Bentley told a religious crowd at the Dexter Avenue King Memorial Baptist Church that fellow Christians were his "brothers and sisters."
He then added, "Anybody here today who has not accepted Jesus Christ as their savior, I'm telling you, you're not my brother and you're not my sister, and I want to be your brother."
Leaders from the Muslim and Jewish faiths expressed concern about the remarks, asking whether the governor was wanting to convert them or whether he might treat non-Christians as second-class citizens.
Bentley was already scheduled to meet with members of the Birmingham Jewish Federation within the next week. But given the concerns from Monday's remarks, the governor's office moved the meeting up to Wednesday afternoon.
"I would like to say that anyone who heard those words and felt disenfranchised, I want to say that I'm sorry," Bentley said during the meeting. "I don't want to be harmful toward anyone else in anything that I may say."
Rabbi Jonathan Miller of Birmingham's Temple Emanu-El was among those concerned about the remarks.
"I found it to be very troubling, and I shared it in an honest and forthright way with our governor," Miller said, describing Bentley's comments Monday as a "difficult misstep" at the beginning of his term.
However, Miller was comforted by Bentley's apology. Miller told reporters he felt satisfied that the governor did not intend any malice or ill will with his statements.
"I think he now understands," Miller said. "And be careful of his words, as I have to be careful of my words, too. And we're moving forward."
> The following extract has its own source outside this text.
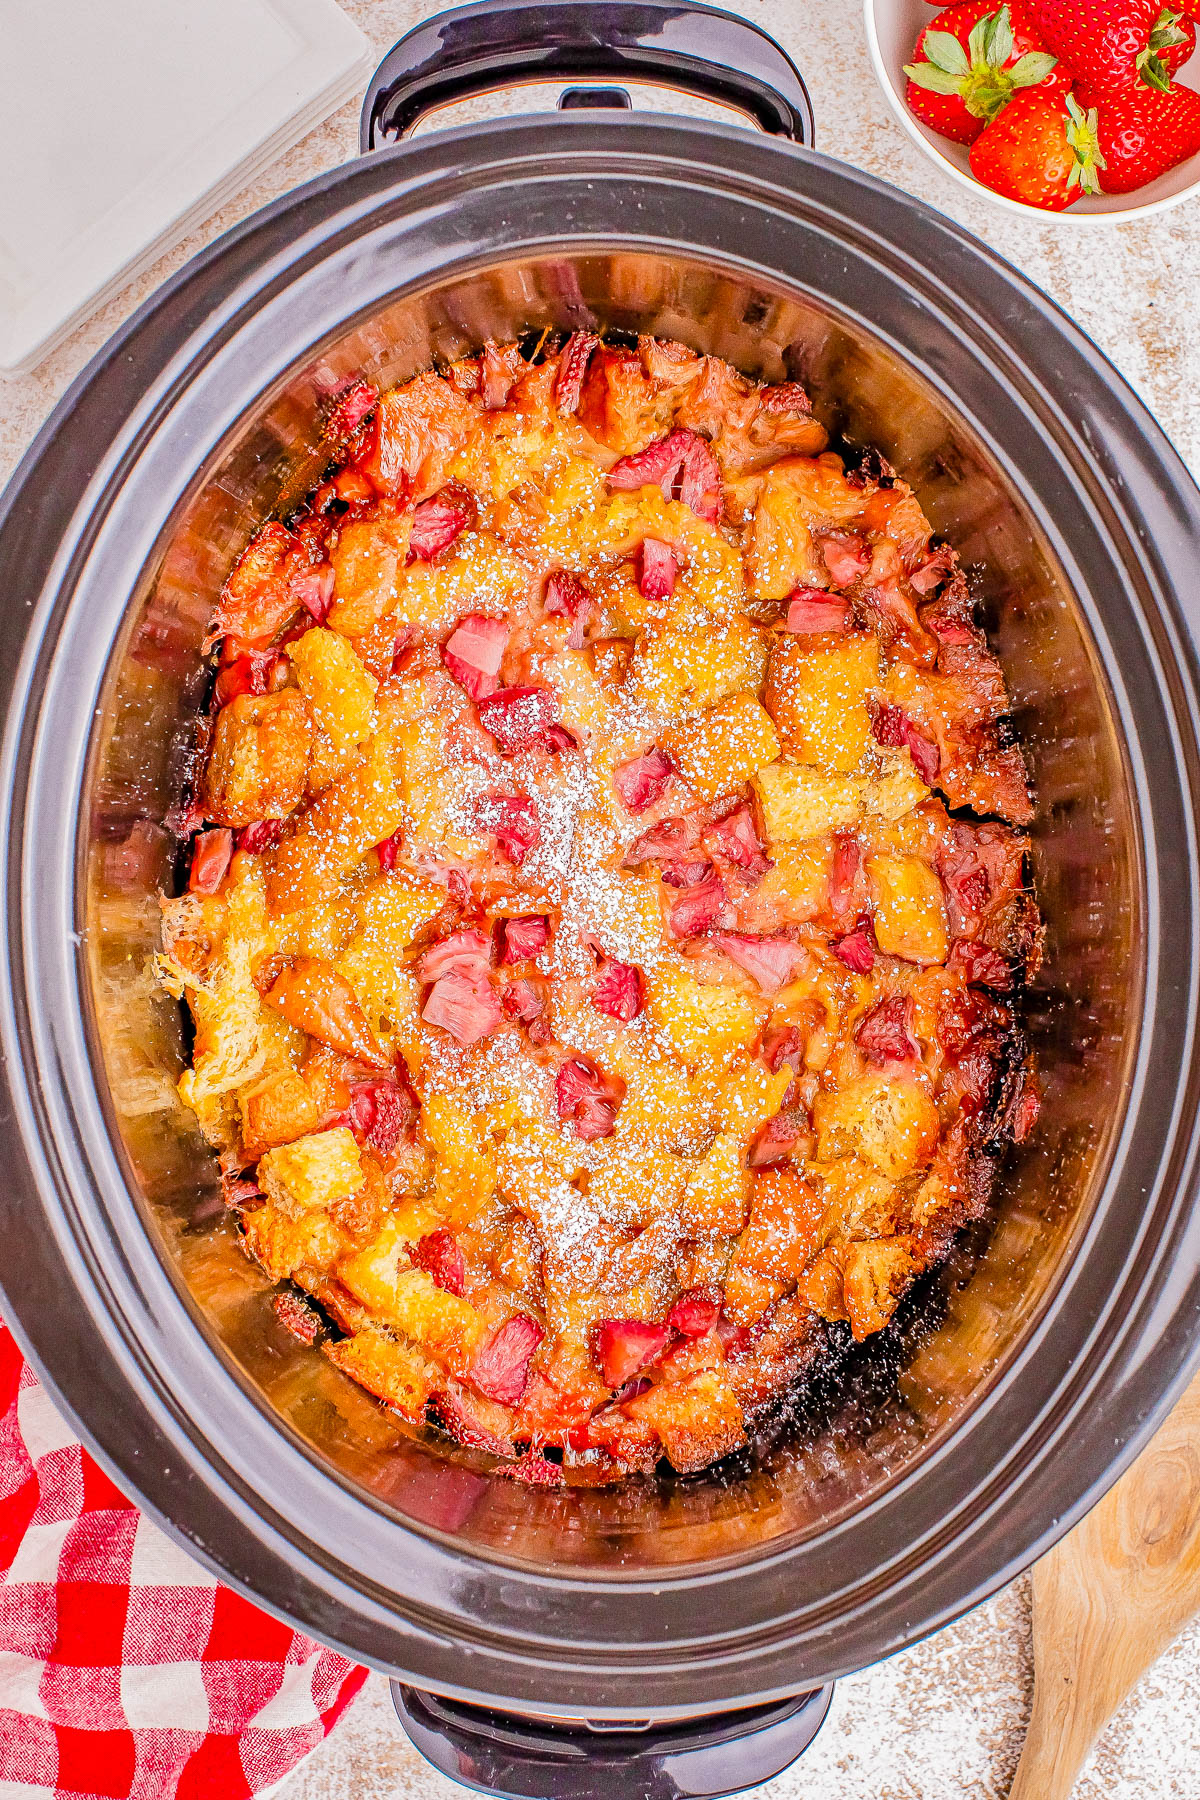 A cooked dish in a slow cooker, consisting of diced bread, chopped bacon, and melted cheese. A bowl of strawberries and a red checkered cloth are nearby.

"Having been asked by members of my community here what we're going to say and how we're going to take it, I am very impressed with what the governor brings to this conversation," said Rabbi Elliot Stevens of Temple Beth Or in Montgomery. "He does have an open mind. He has an open heart."
When asked if Bentley would consider the Jewish leaders in the room to be his brothers and sisters, the governor replied, "They are my brothers and sisters. Certainly they are."
The governor added some perspective about where his "brothers and sisters" remarks were made and the context of his statements.
"I was speaking on a spiritual term that we use in the Baptist church," Bentley said. "I was speaking to a group of fellow Christians, that were fellow Baptists, that knew exactly what I was saying with my remarks."
While the governor apologized for causing offense, he made it clear that he holds onto his personal religious views, and that will not change.
"I will never deny my faith," Bentley said. "I will never do that."